======== INFORMATION PROVIDED
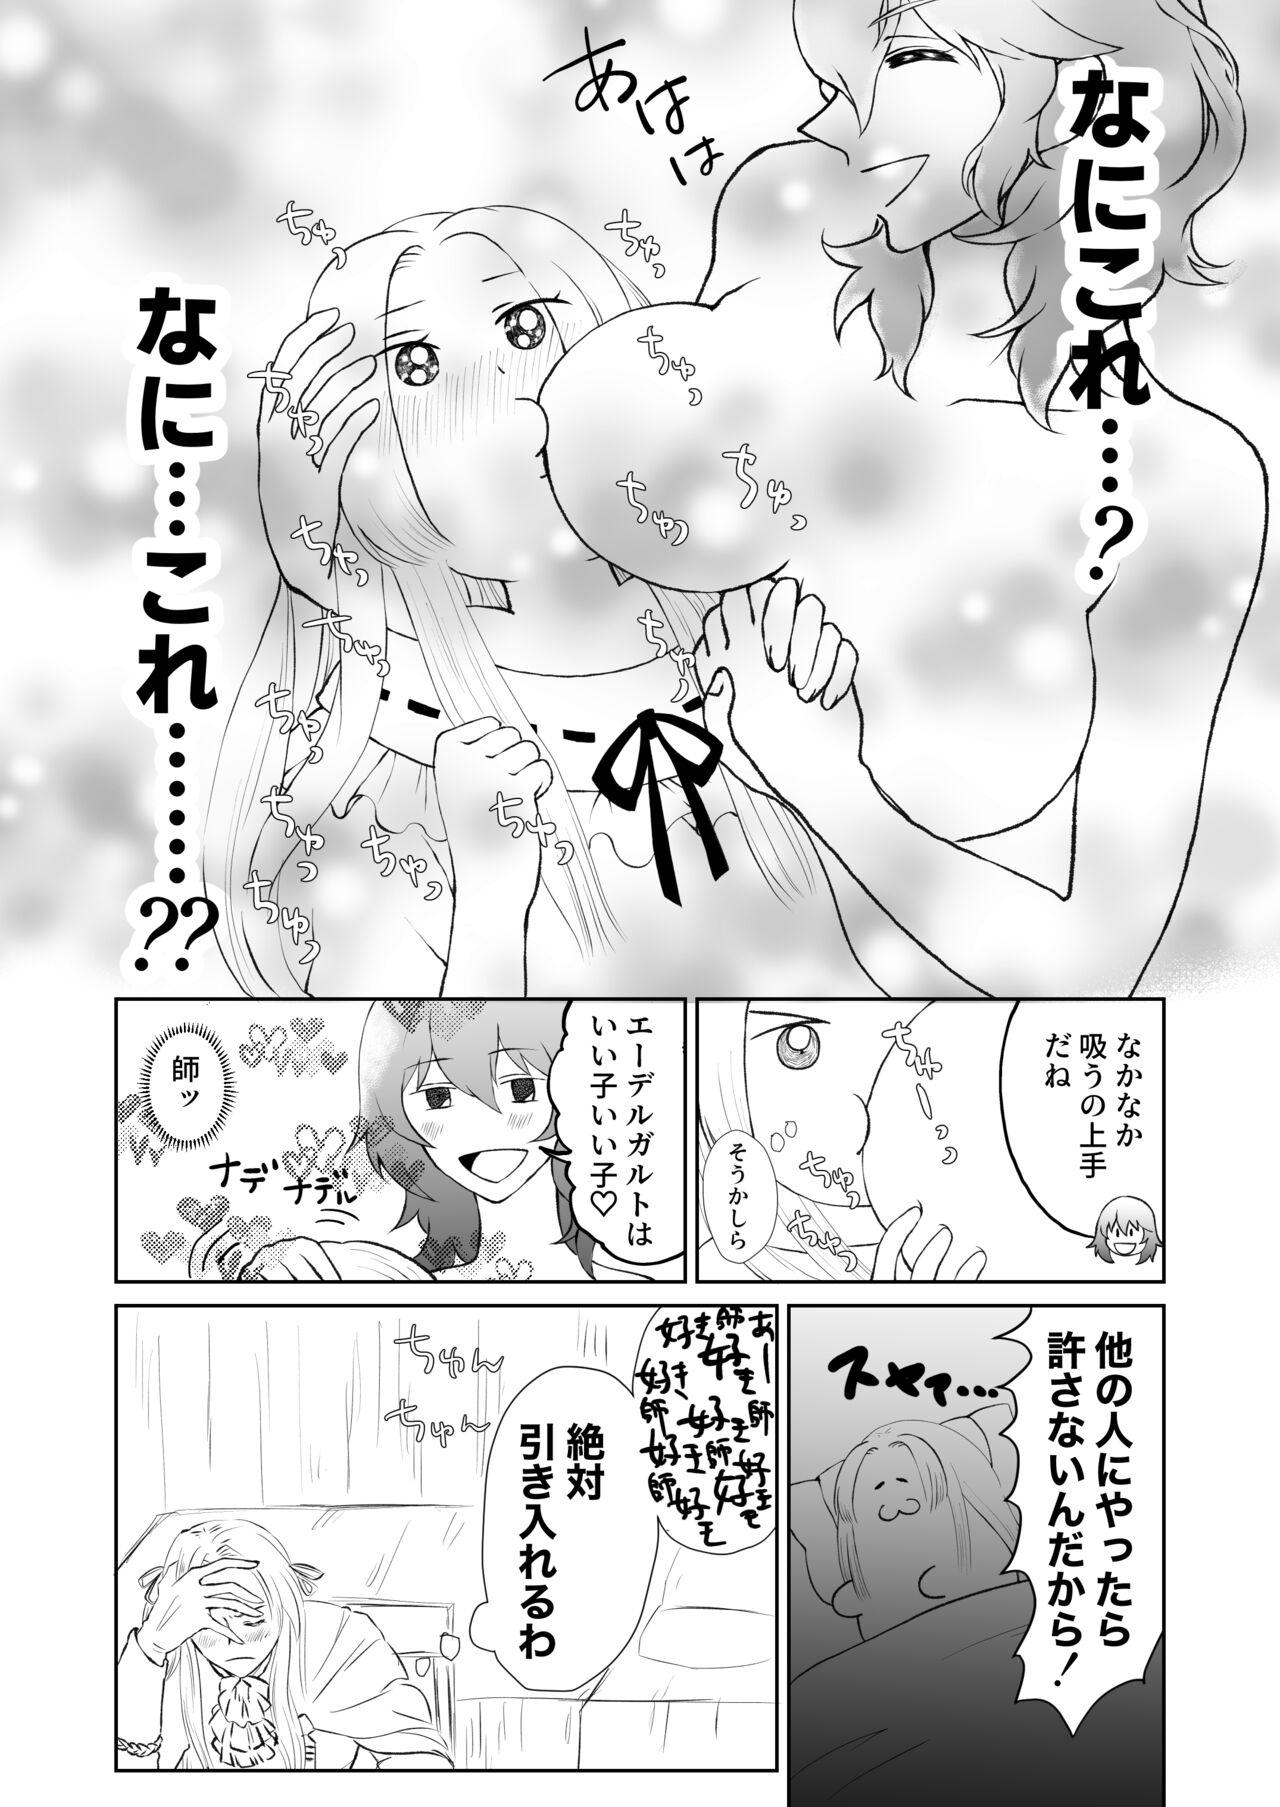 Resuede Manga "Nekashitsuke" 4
================
======== INFORMATION PROVIDED
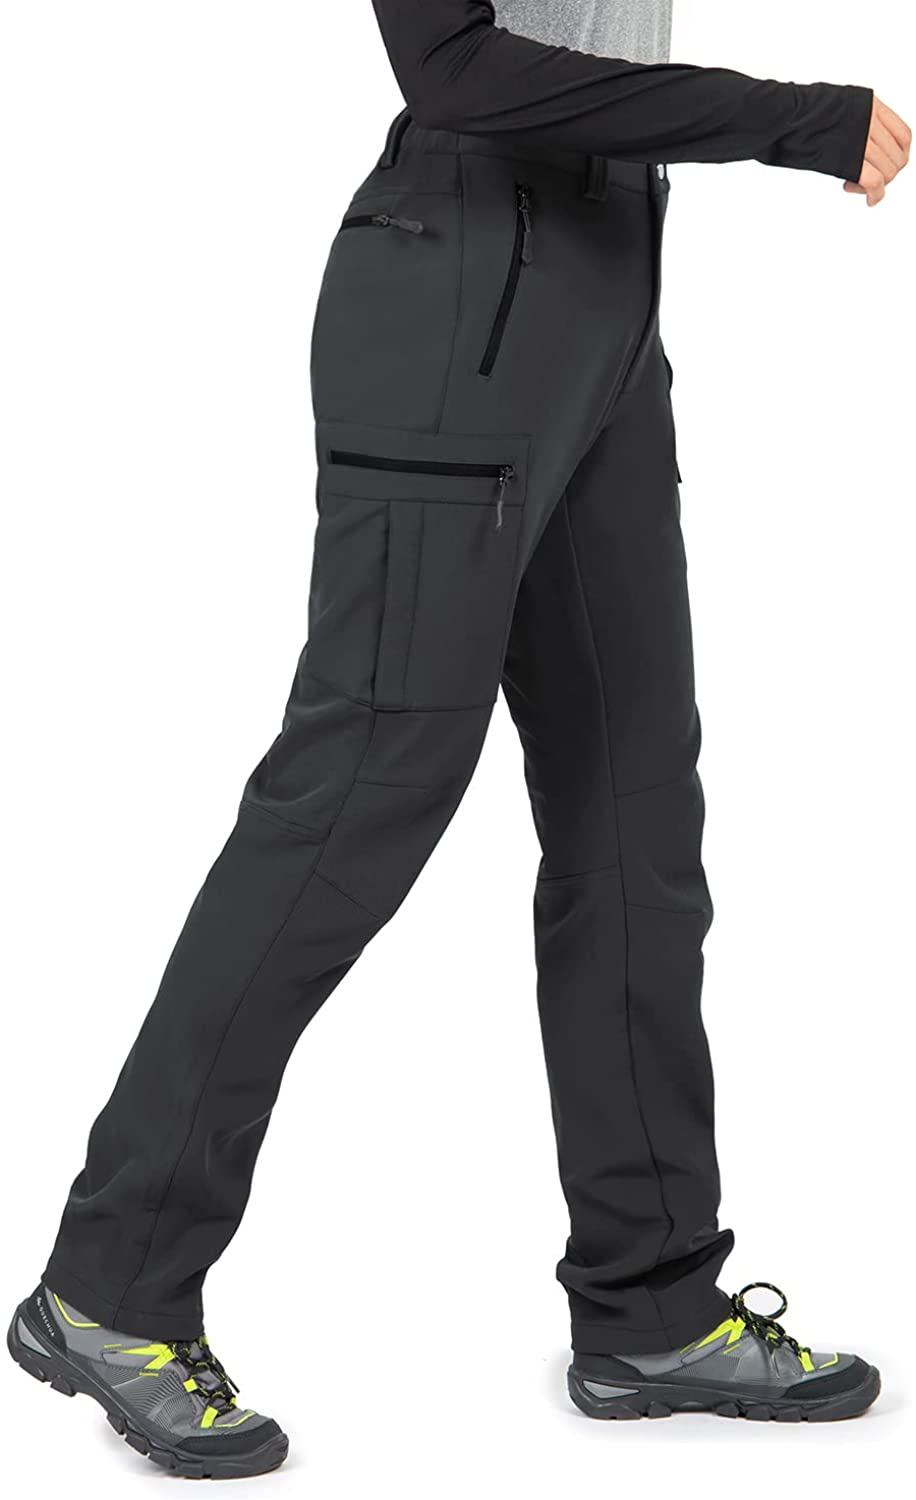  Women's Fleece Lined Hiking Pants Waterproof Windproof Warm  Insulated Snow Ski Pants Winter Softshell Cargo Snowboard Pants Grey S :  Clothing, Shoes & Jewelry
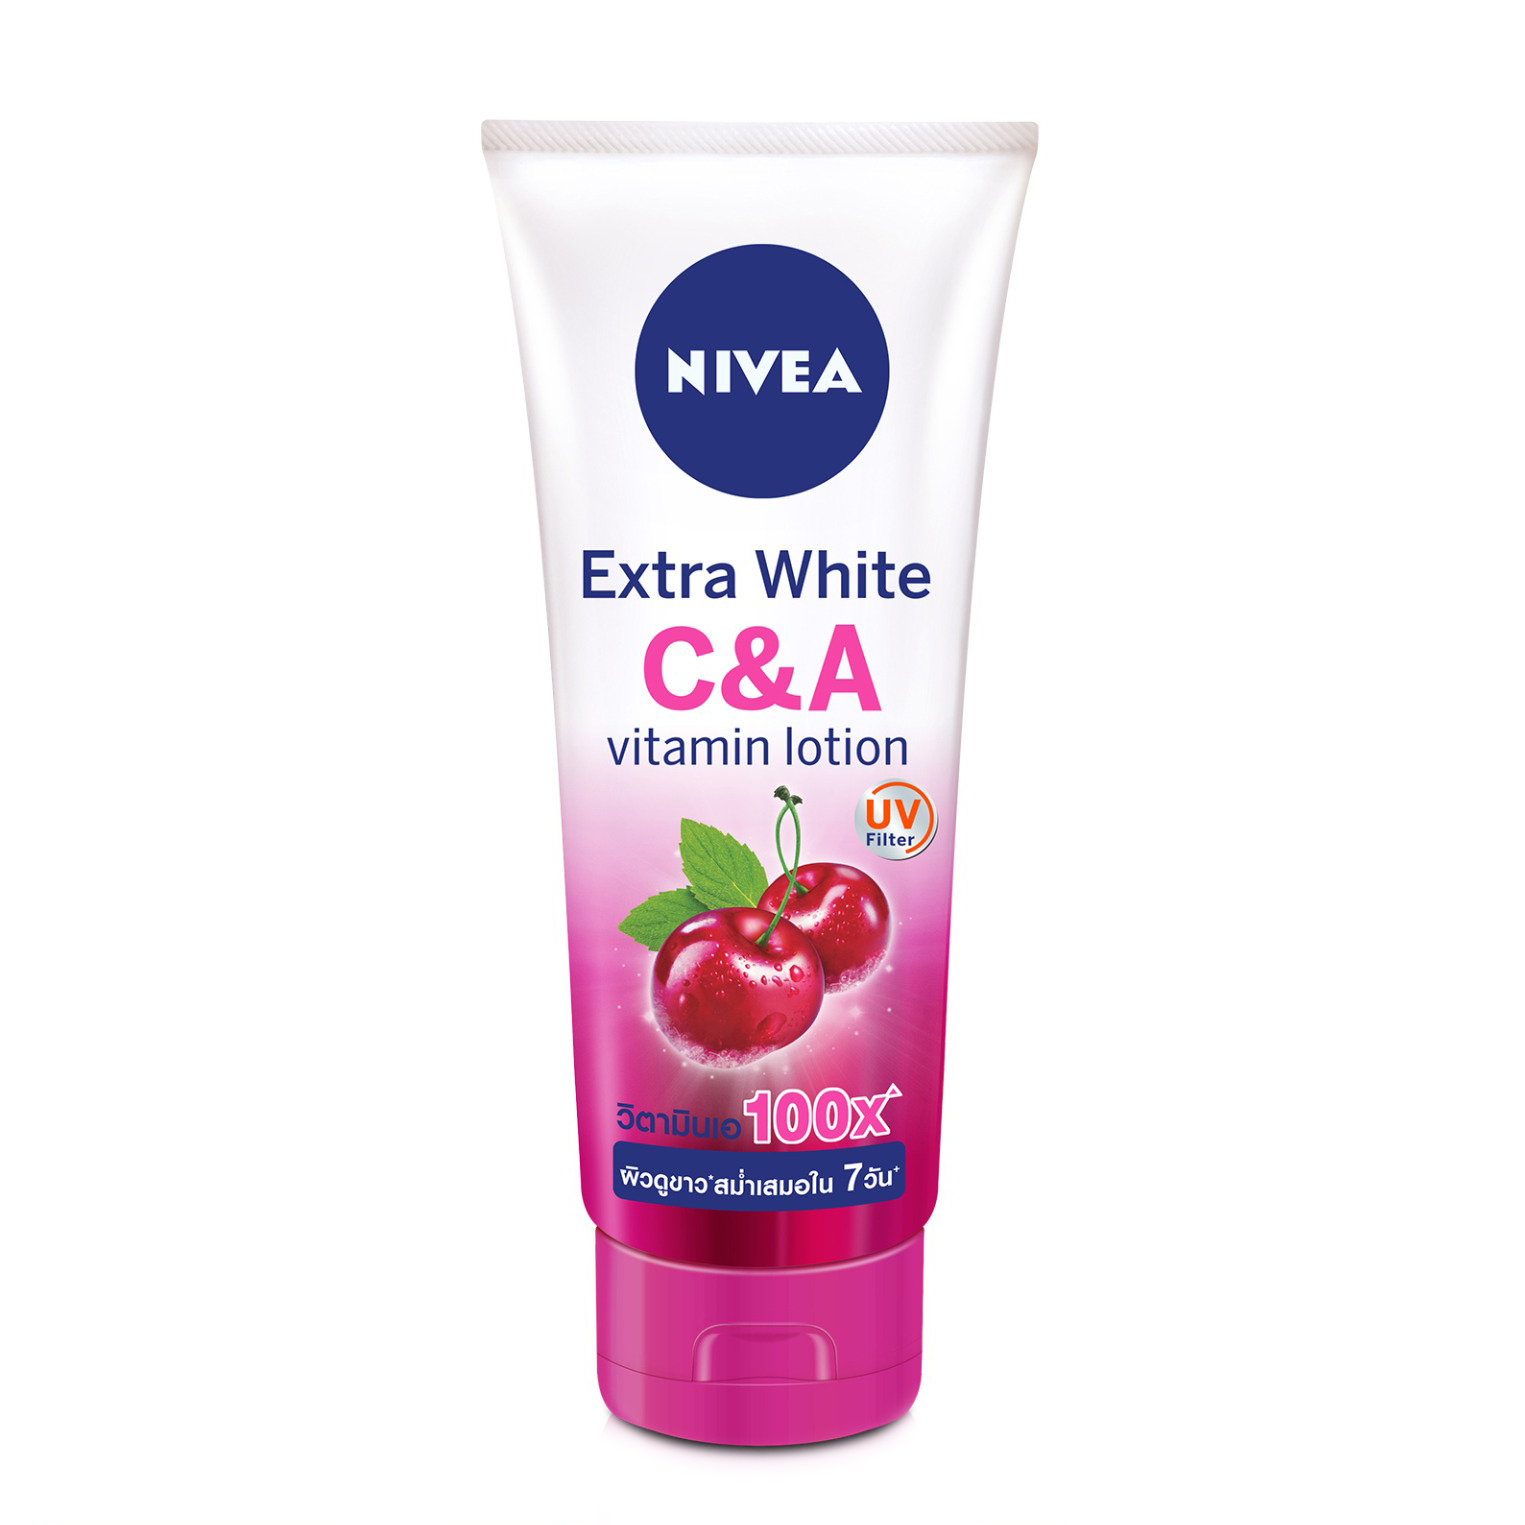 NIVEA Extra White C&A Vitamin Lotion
================
## HOW TO COMPLETE THIS TASK
Transcribe, from the material above, the stretch starting at the line with "Women's Fleece Lined" and ending at the line with "NIVEA Extra White C&A Vitamin Lotion", both included, exactly. Do not carry over pictures.

## WRITTEN SOLUTION
  Women's Fleece Lined Hiking Pants Waterproof Windproof Warm  Insulated Snow Ski Pants Winter Softshell Cargo Snowboard Pants Grey S :  Clothing, Shoes & Jewelry
 NIVEA Extra White C&A Vitamin Lotion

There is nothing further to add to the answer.